Selasa, 24 Maret 2015

Yuk Tuliskan Kehidupanmu!

Bismillah, udah lama juga ya tidak bersua dengan teman-teman di blog ini. Haha tepatnya udah sekitar satu bulan gue vakum dari peradaban blogger. Alasannya? Banyak! Salah satunya memang karena faktor kesibukan yang sudah semakin tak menentu, terutama di sekolah. Ya, sekolah.

Menginjak semester 8, gue mulai memasuki masa-masa terakhir perjuangan di kampus. Kali ini arena pertarungannya di tempat yang baru, suatu tempat yang megah dan besar dengan pepohonan rindang menghiasinya. Tempat kita belajar mencontek (#Eh) dan juga belajar untuk ngeles (mencari-cari alasan) ketika ketemu guru. Sesuatu yang kalian gunakan untuk mengukir kenangan moment sweet seventeen bersama teman2 kalian. Ya, suatu tempat itu kita sebut dengan istilah: Sekolah.

Tapi kali ini gue juga gak bakal bercerita dulu tentang sekolah, nanti lah akan ada porsi tersendiri untuk hal tersebut :D

Yang bakal gue bahas malem ini yaitu tentang hasil kajian gue sore tadi, yaitu: Biografi.

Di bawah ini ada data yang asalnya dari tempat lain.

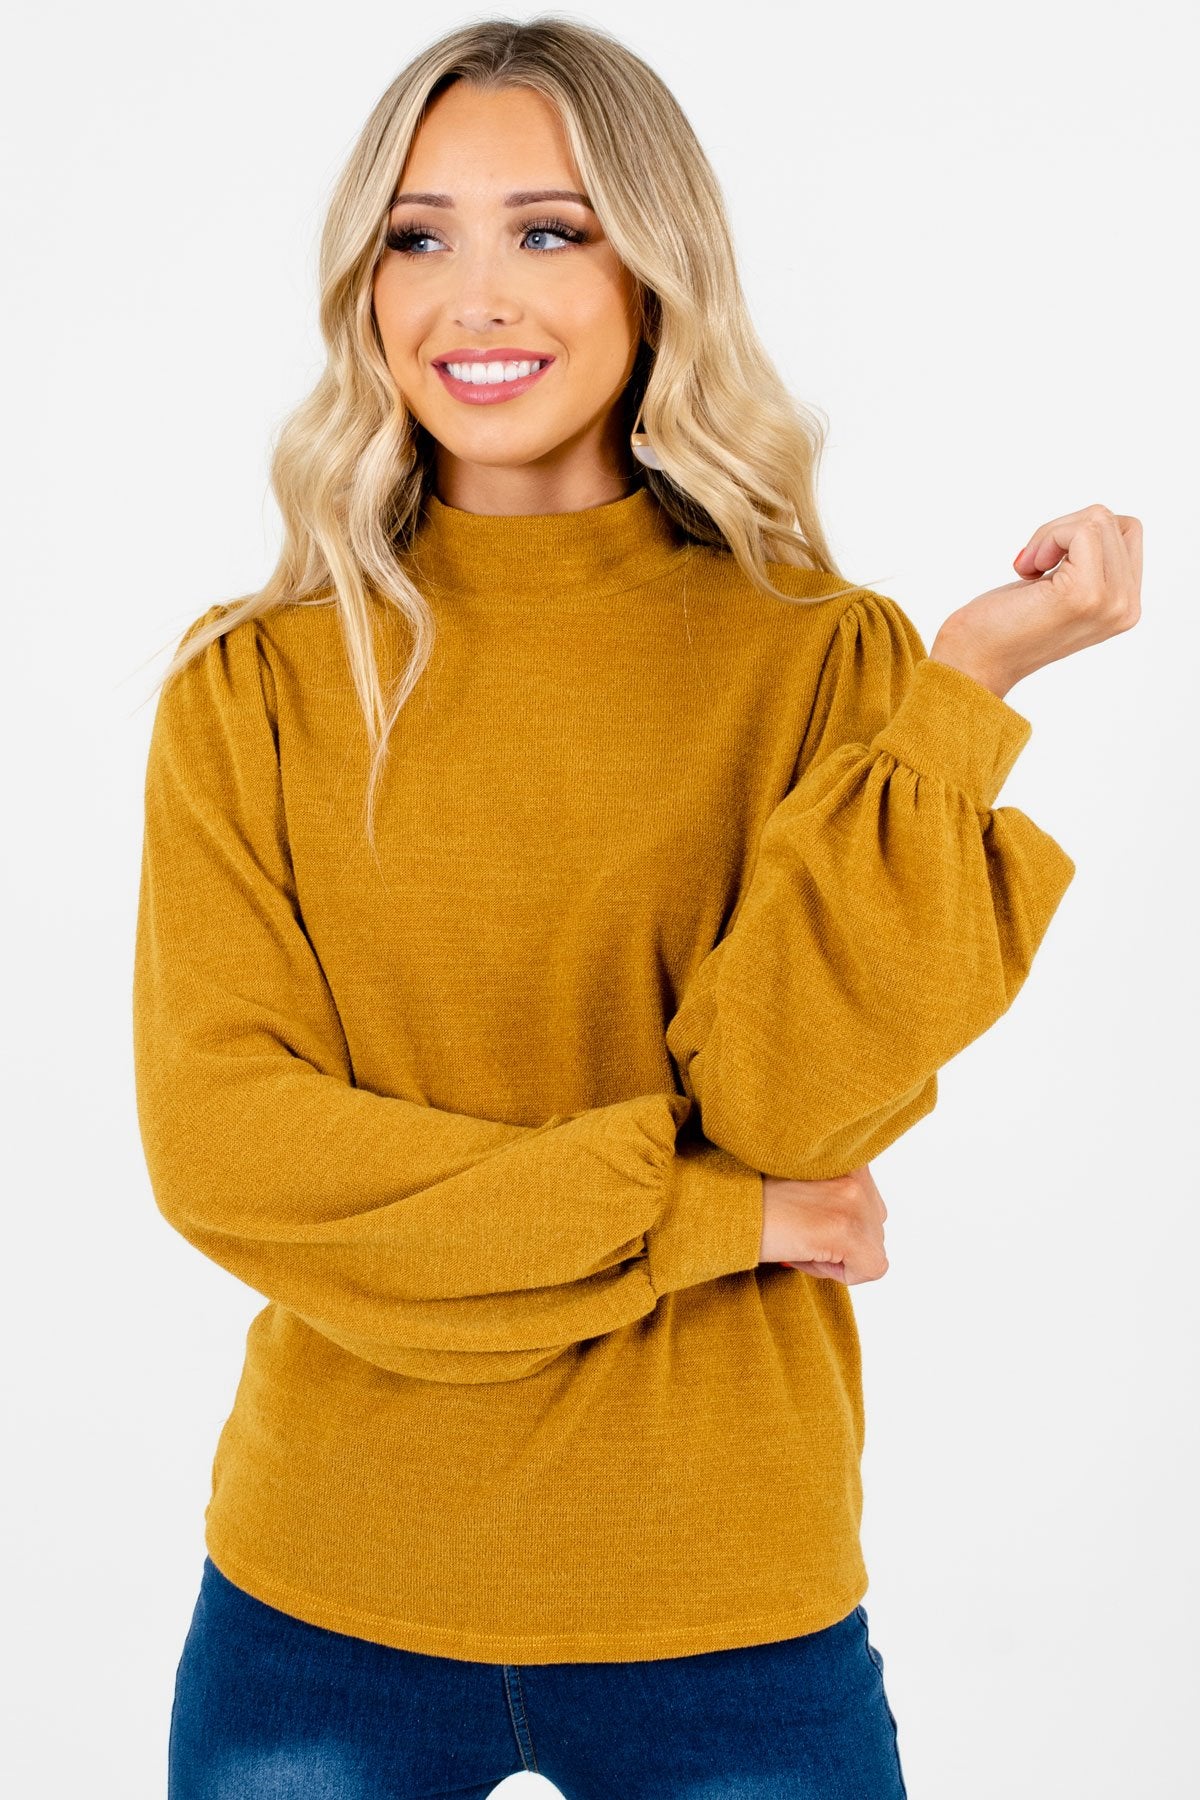 Women’s Mustard Yellow Cozy and Warm Boutique Clothing

Seperti biasa, selasa sore selalu diagendakan anak-anak Al-Qolam untuk mengadakan Diskusi Kepenulisan (Dispen) yang bertempat di koridor ikhwan masjid Al-Furqon UPI. Kali ini narasumber kami berasal dari seorang gadis berkerudung yang sedang menjabat juga sebagai salah satu Majelis Pertimbangan Organisasi (MPO) Al-Qolam 2015. Beliau memiliki nama lengkap: Nurul Lutfia :)

Suasana diskusi kepenulisan, Selasa (24/3)
Karena dispen kali ini diadakan pada minggu keempat, maka sesuai dengan silabus yang ada kali ini Nurul mengadakan dispen khusus bertema "Bedah Karya Anggota." Adapun anggota yang beruntung di bedah karyanya yaitu: Rahma Nur Amalia, kepala divisi Pelatihan dan Bimbingan Al-Qolam. Kali ini sekali lagi Nurul menjelaskan seputar pengertian Biografi dan Autobiografi. Kenapa? Karena ternyata masih banyak yang belum mengerti pengertian dan perbedaan dari kedua istilah tersebut.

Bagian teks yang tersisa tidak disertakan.